The Nation's mantra -- "Profits before people and property rights before
human rights" -- is the anathema on the system that was formulated by Marx
and is now resurrected in Seattle. But how is it possible for any
sentient human being to have lived through the 20th century without
coming to understand that property rights are the basis of any
rights that human beings have ever been able to secure, and that far
from conflicting with human needs, profits are the only practical engine
ever devised that even half-succeeded in fulfilling them.

Such willful ignorance does not stem from lack of intelligence, but has
a deeper source in human desires that can only be satisfied by religious
faith. The socialist dream of achieving a kingdom of heaven on earth is
as old as Eden. "You shall be as God," was the serpent's fatal promise
then. It is the "Promethean" dream that Marx identified as his own and
that the Nation editors are intent to keep alive.

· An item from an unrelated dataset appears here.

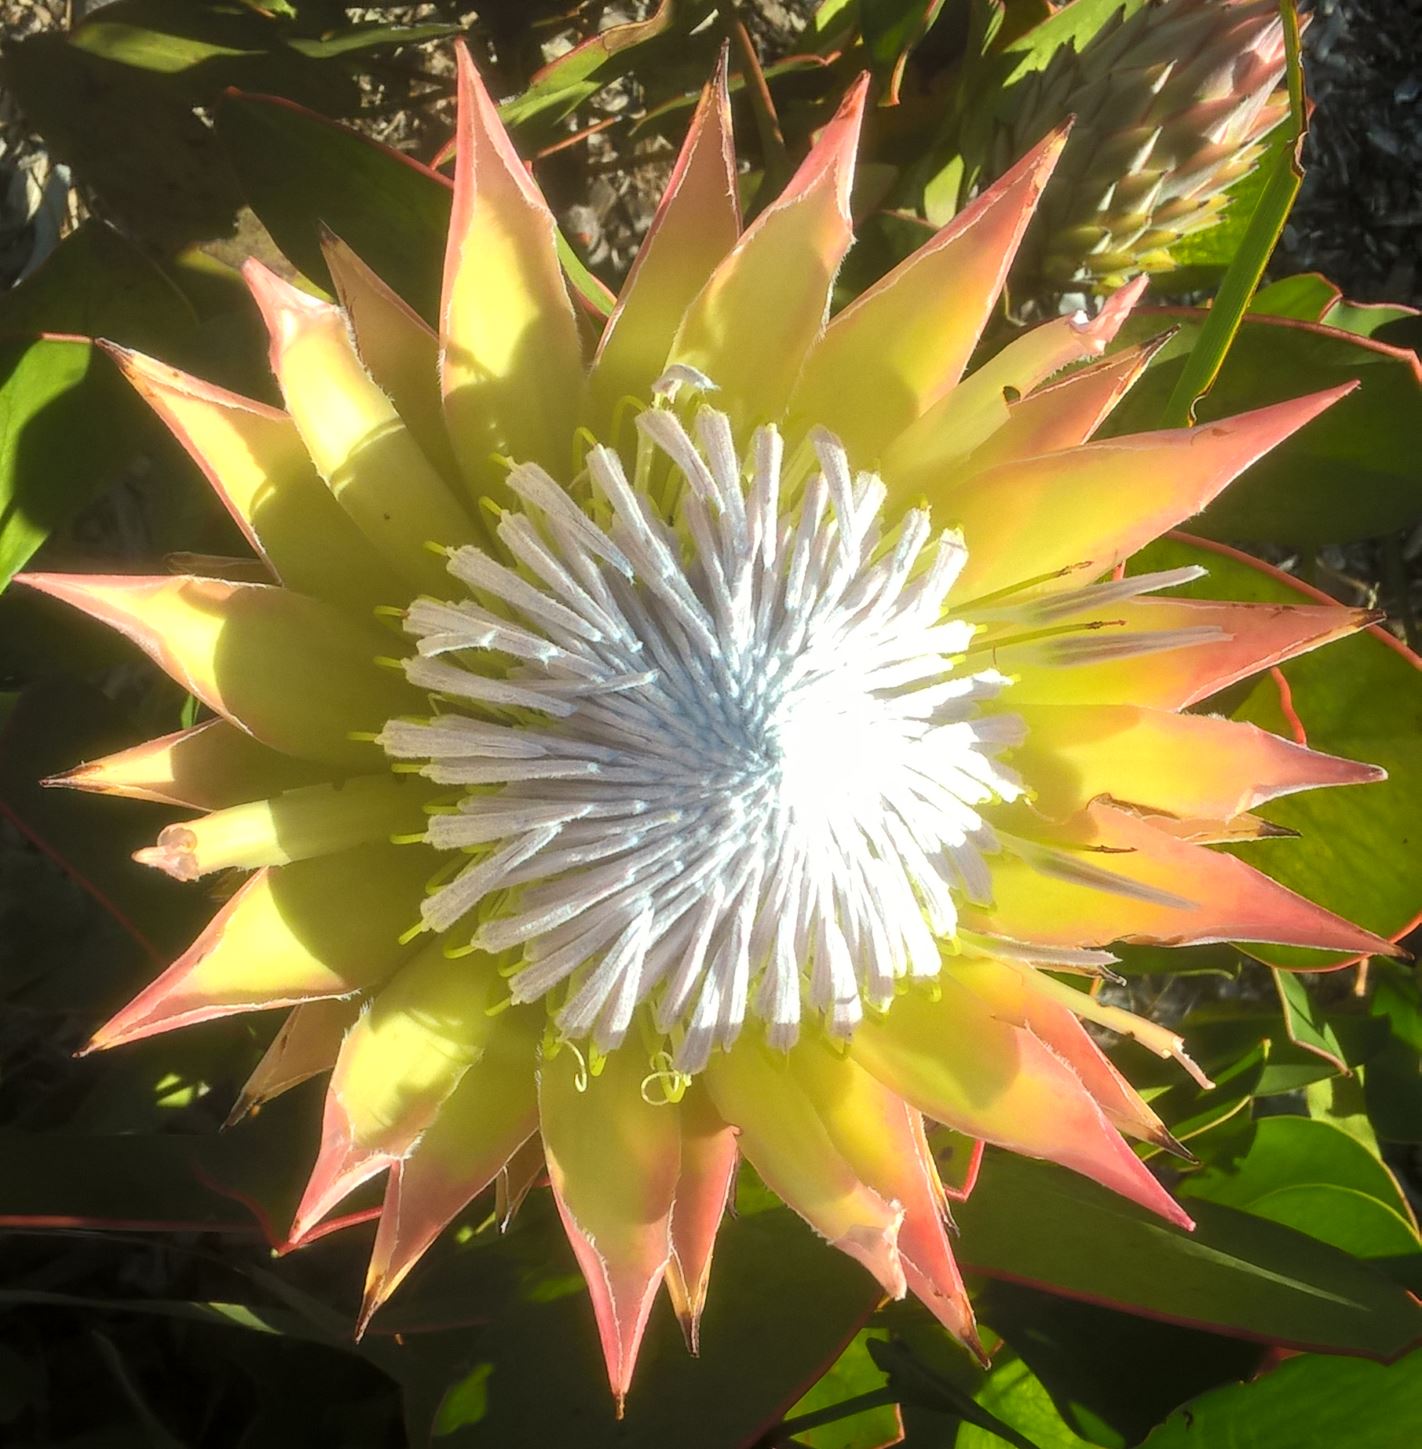 a protea, the national flower of South Africa

It is the idea of
putting a human design on the impersonal structures of the social order
beginning with the economic market and extending to the constitutional order. In wishing this, socialists fail to
understand that a market that human beings cannot control and a political process they are bound to respect are the very disciplines that human beings require in order to be human.

Without such restraints and the limits they impose, humanity quickly
descends into the barbarism the 20th century has made us all too familiar
with, yet whose lessons -- as we go into the 21st -- the Nation and its
comrades have not learned.

In the end, is there anything really new under the sun, as far as the passions that inspire and the reasons that guide us are concerned? The Homeric epics,
which are the first literature of our civilization, were written three
millennia ago, yet they are inhabited by people whose emotions and
calculations are familiar today. The ideas of Plato and Aristotle, the
ethics of the religious founders who lived more than two millennia ago,
pretty much encompass the ideas, ethics and religious faiths we see
around us today.

Call this continuity "human nature." We are bounded by who we are and
what we can learn. In the matter of how we live and react, what we can
learn about ourselves is pretty well set by the real individuals who
connect with us, and by whom we are touched. One or
two, or at most three generations encompass this extended family of
flesh and blood contacts. A century or so will do it.

So that's my millennial question: Have we learned from the Marxist disaster of this century, or are we doomed to repeat it in the next?

By David Horowitz

David Horowitz is a conservative writer and activist.